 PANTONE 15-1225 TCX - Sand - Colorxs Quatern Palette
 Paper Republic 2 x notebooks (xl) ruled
--*--
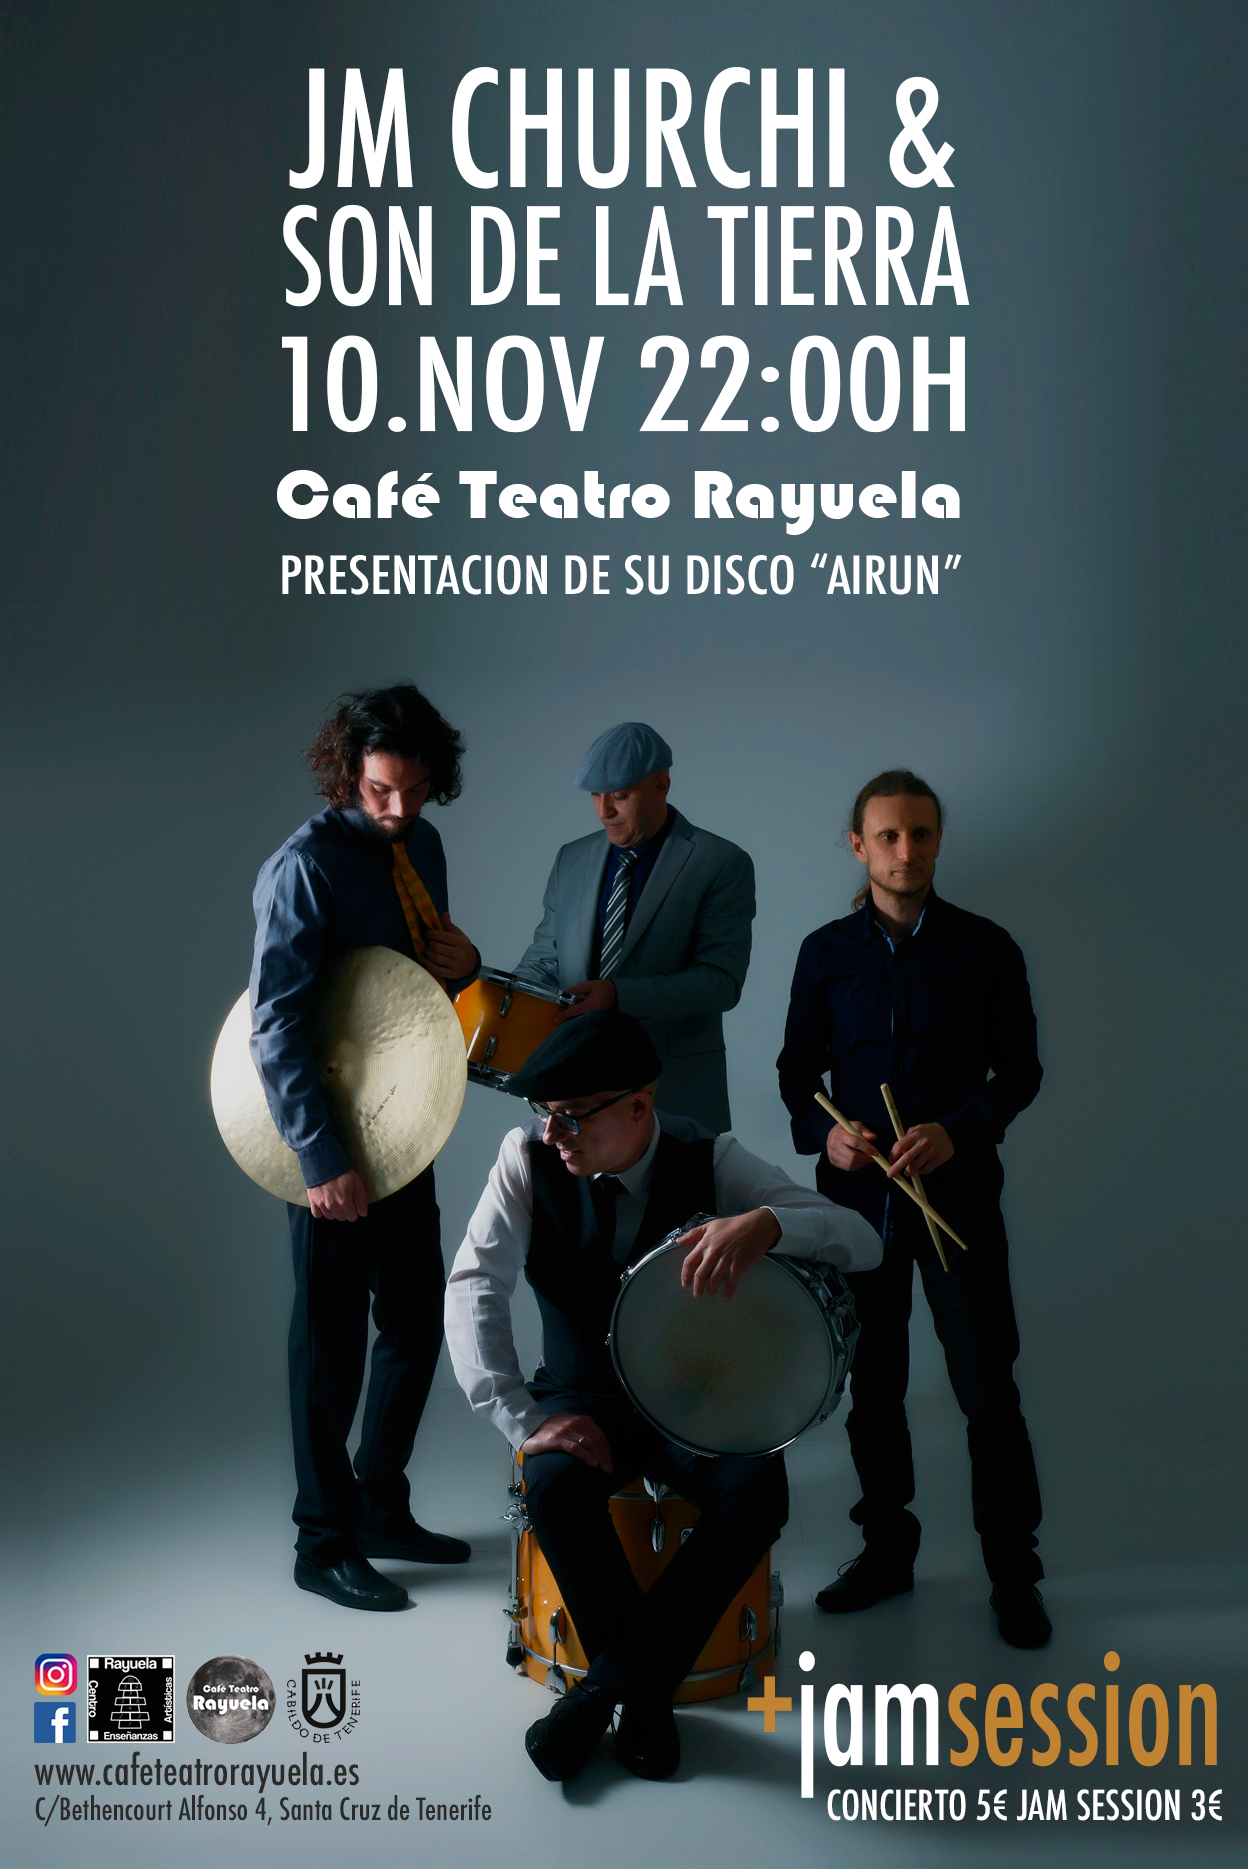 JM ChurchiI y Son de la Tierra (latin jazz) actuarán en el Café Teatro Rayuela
--*--
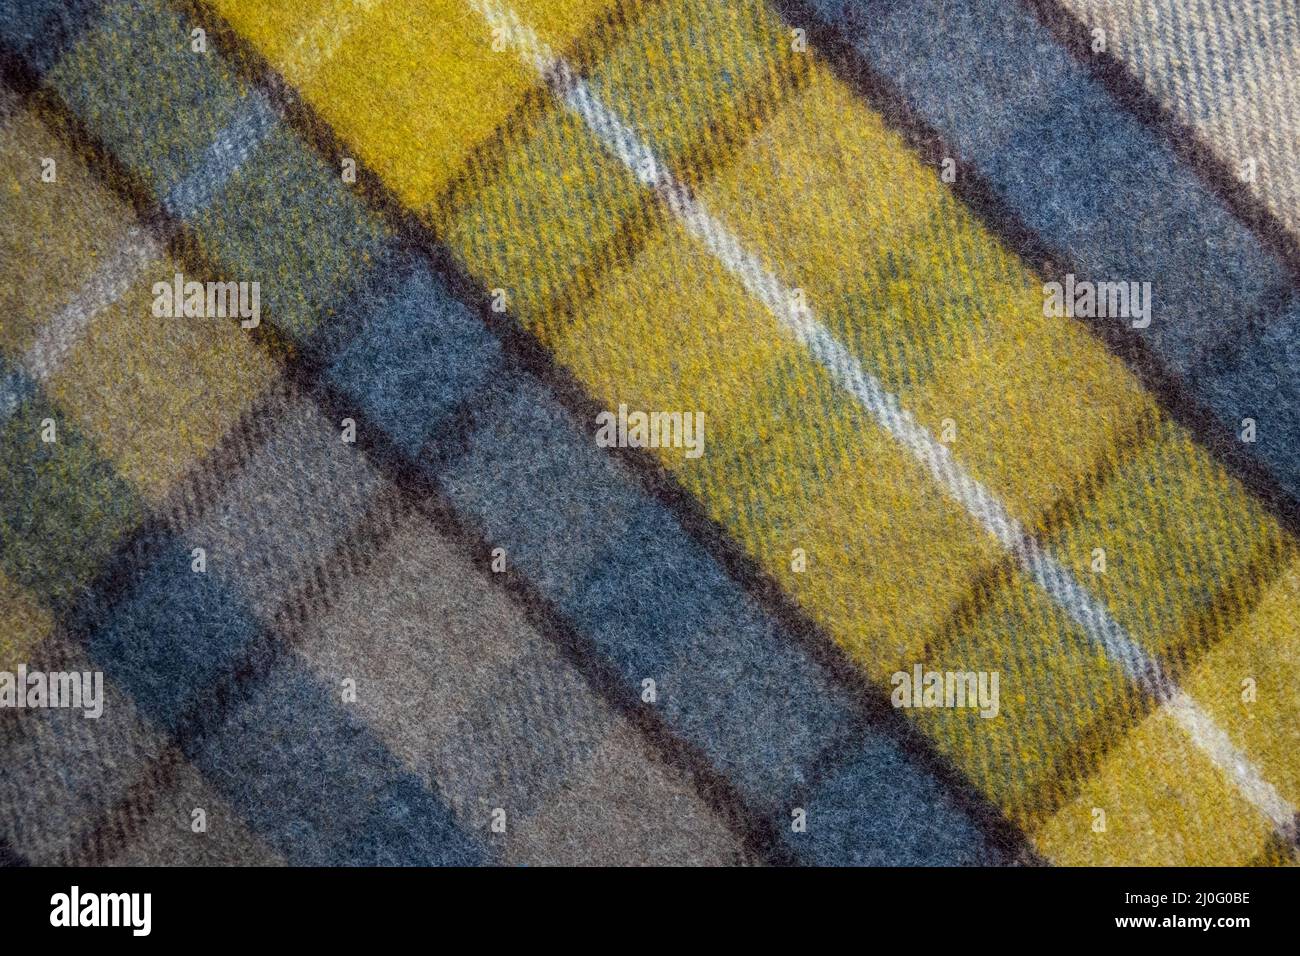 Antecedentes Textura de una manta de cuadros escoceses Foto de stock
--*--
Using the entries above, extract exactly the span from the line with "PANTONE 15-1225 TCX - Sand" to the line with "Paper Republic 2 x notebooks (xl) ruled", both lines included; leave out everything else.

Answer to this exercise:
 PANTONE 15-1225 TCX - Sand - Colorxs Quatern Palette
 Paper Republic 2 x notebooks (xl) ruled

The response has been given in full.